Question

Subtract the following fractions and mixed numbers. Reduce to lowest terms. \(48 \frac{6}{11}-24=\) ______

Short answer

The answer is \(\frac{270}{11}\).

Step-by-step solution

Convert Mixed Number to Improper Fraction

First, convert the mixed number \(48 \frac{6}{11}\) to an improper fraction. Multiply the whole number \(48\) by the denominator \(11\) and add the numerator \(6\):\[48 \times 11 + 6 = 528 + 6 = 534.\] Now, place this result over the original denominator: \(\frac{534}{11}\).

Subtract Whole Number from Improper Fraction

We need to perform \(\frac{534}{11} - 24\). To subtract these, we express 24 as a fraction with the same denominator: \(24 = \frac{264}{11}\). Now, subtract the fractions:\[\frac{534}{11} - \frac{264}{11} = \frac{534 - 264}{11} = \frac{270}{11}.\]

Reduce the Fraction to Lowest Terms

To reduce \(\frac{270}{11}\) to its lowest terms, note that 11 is a prime number and does not divide evenly into 270. Thus, \(\frac{270}{11}\) is already in its simplest form.

Key concepts

Mixed Numbers

Mixed numbers are a combination of a whole number and a fraction. They are often used in everyday situations because they are easier to understand at a glance. For example, if you eat "1 and a half" pizzas, it makes more sense to say "1 pizza and 1/2" rather than an improper fraction like "3/2".

To perform operations like addition, subtraction, or multiplication on mixed numbers, it's usually best to convert them into improper fractions first. This is because improper fractions are easier to manage arithmetically, as they lack the addition of the whole number part and fraction part. In our example, the mixed number \(48 \frac{6}{11}\) can be converted to an improper fraction \(\frac{534}{11}\). This conversion allows us to subtract and add fractions smoothly.

Improper Fractions

Improper fractions have a numerator larger than or equal to the denominator, meaning the fraction's value is equal to or greater than 1. They are especially useful for calculations involving mixed numbers because they leverage a single top-heavy fraction.

To convert a mixed number into an improper fraction, multiply the whole number by the denominator and add the numerator. Place the result over the original denominator. For example, with the mixed number \(48 \frac{6}{11}\), you multiply 48 by 11 and add 6 to get 534, resulting in the improper fraction \(\frac{534}{11}\).

Improper fractions ensure a straightforward process for operations like subtraction, making it simpler by dealing with one type of number rather than two.

Reducing Fractions

Reducing fractions means simplifying them to their most basic form, where the numerator and denominator have no common factors other than 1. This is sometimes called simplifying or putting a fraction into its lowest terms.

To reduce a fraction, find the greatest common factor (GCF) of the numerator and the denominator, then divide both by this number.
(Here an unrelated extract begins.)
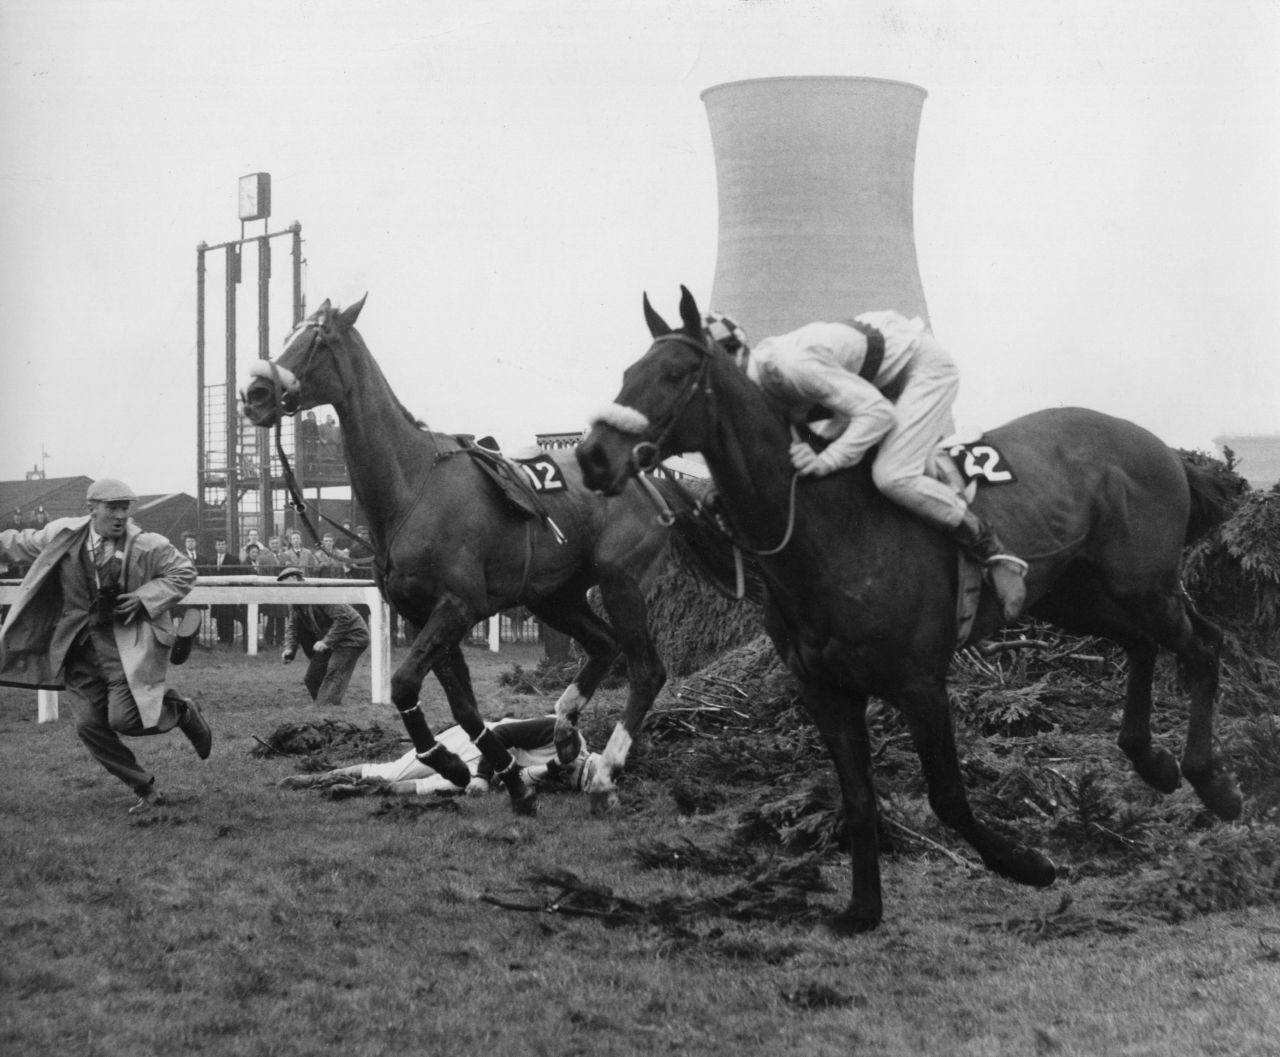 The IJF was founded in 1964 after jockey Paddy Farrell, lying prostrate in this picture, was paralyzed for life after falling at that year's Grand National. With insufficient assistance then available to jockeys in such plight, and with Tim Brookshaw having also suffered paralysis not long before, the Farrell-Brookshaw fund was created - ultimately turning into today's IJF.

However, in our example, since the denominator is 11, a prime number, we simply need to check if it divides evenly into the numerator, which it doesn't in this case. So, \(\frac{270}{11}\) is already in its simplest form.

Remember, reducing fractions can make your answers clearer and are often expected in final results.

Lowest Terms

Bringing a fraction to its lowest terms means simplifying it as much as possible. This makes it more readily comparable and easier to understand, similar to simplifying mathematical equations.

A fraction is in its lowest terms when you can't divide the numerator and denominator by any number other than 1. In problems that ask for the answer in lowest terms, it's crucial to check this final step. Let's say we ended up with \(\frac{270}{11}\); since 11 doesn't divide 270 evenly, we know that fraction is in lowest terms.

• Check divisibility by smallest primes first, like 2, 3, 5, etc.
• Ensure no further common factors exist.

Keeping fractions in their simplest form helps make mathematical communication consistent and understandable.